According to historian Marc Knobel, "With its share of uncertainties and fears, the epidemic has also been instrumentalized for antisemitic purposes". For fellow historian Emmanuel Debono, "In moments of crisis, movements that bring together fairly heterogeneous fringes of the population such as the Yellow Vests, there is a focus, at one point or another, on the Jews". However, Wieviorka notes that the antisemitism of the Yellow Vests is that of "secondary episodes, on the fringes, rather distinct from the message carried by the movement as a whole".

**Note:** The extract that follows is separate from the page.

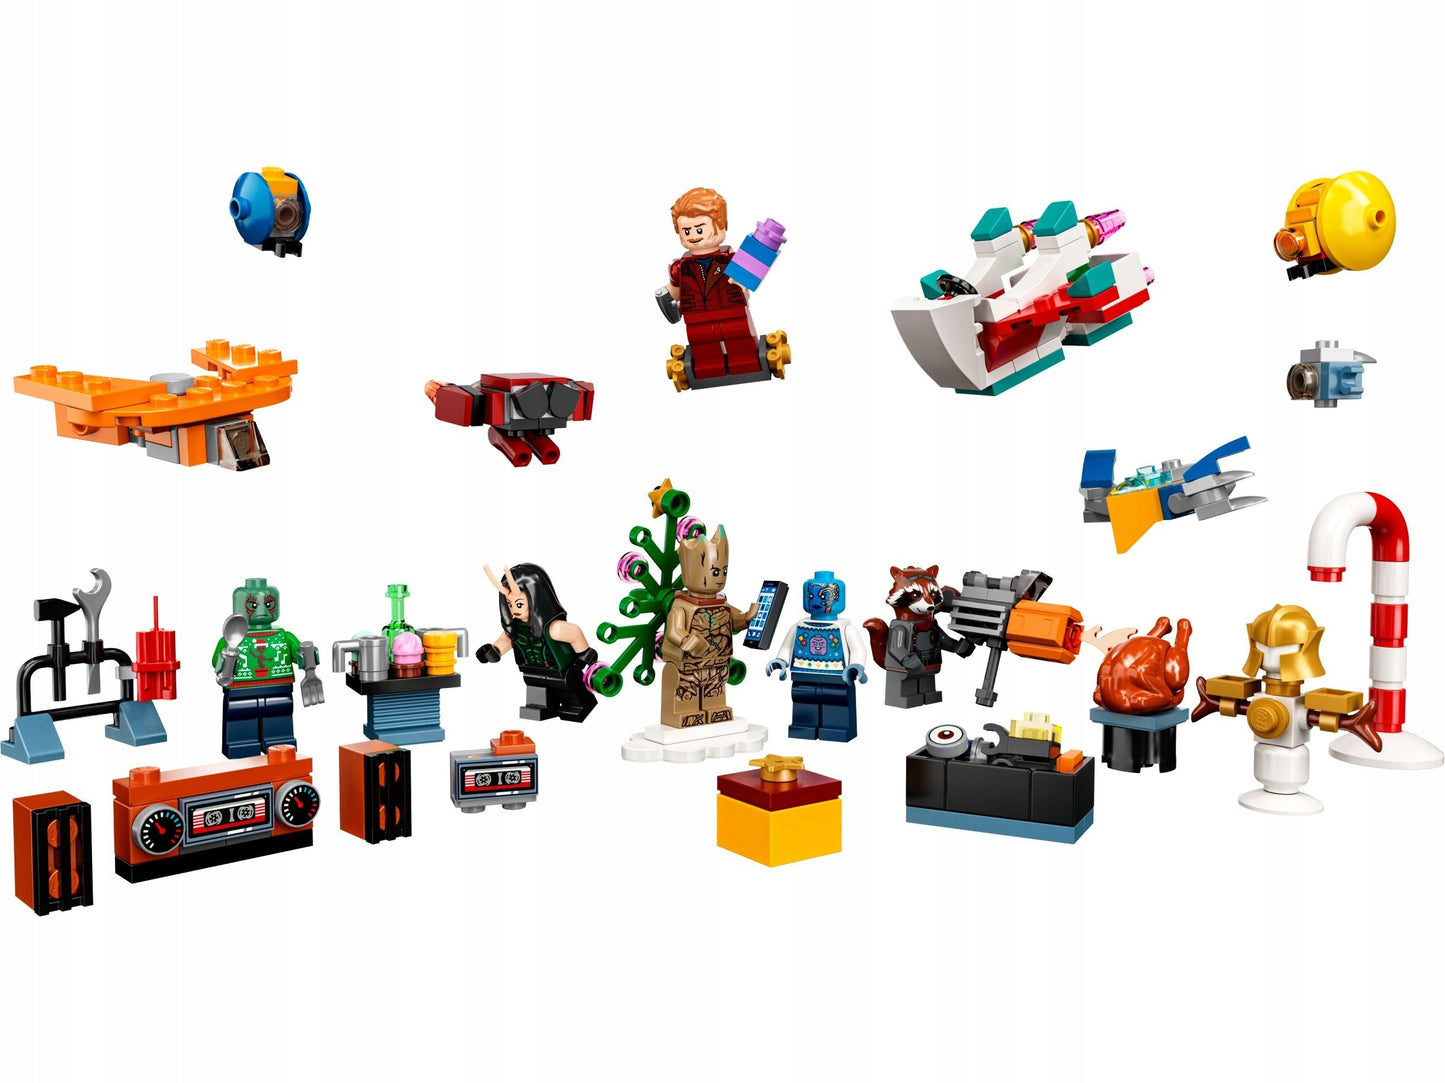 LEGO Super Heroes Advento kalendorius - 76231

For microbiologist, WHO member and professor emeritus Jean-Pierre Dedet, "the search for someone to blame has been a constant in civilisations faced with a health crisis"; these scapegoats were most often immigrants and Jews. "We can understand these archaic reflexes at a time when epidemics were plagues of mysterious origin ... Today, we know the causes and the processes. It is paradoxical, at a time when technology and communication are at their highest level, that people continue to react irrationally ... there is a lack of knowledge and scientific culture", and "the cacophony of the medical world" adds to misunderstanding. The focus on the Jews is "a reading that simplifies the functioning of a complex world whose ins and outs we do not necessarily understand...", says Debono, "as if Hitler's antisemitism, said to be over, had today given way to other victims (Yellow Vests, Muslims, non-vaccinated against Covid-19 ...) calling for a mobilization against a new persecution. The yellow star would have gone out of history and changed its chest ... the Jews are where we need them to be, even when they are not there". "The fantasy of Jewish omnipresence, which explains everything and its opposite, is difficult if not impossible to extinguish. It functions wonderfully, even in the absence of the Jews. In fact, it functions outside of reality".

== Attitudes ==

Wieviorka says that "without a clear refusal on the part of each demonstrator and of those who urge the crowd to express this type of hatred within the processions, it is to be feared that its presence will be reinforced". The sociologist concludes: "Under no circumstances should we have anything to do with this hatred, we should be surgical in the way we denounce it. I would even say that indifference on this issue is unacceptable" because it is neither anecdotal nor secondary.

At the beginning of September 2021, French Democratic Confederation of Labour (CFDT) Secretary General Laurent Berger described as "infrequent (...) all those who are far-right, who are conspiracy theorists, who are anti-Semites and who, in the end, use this argument to push their ideas". Berger did not want to be lumped in with demonstrators against the health pass.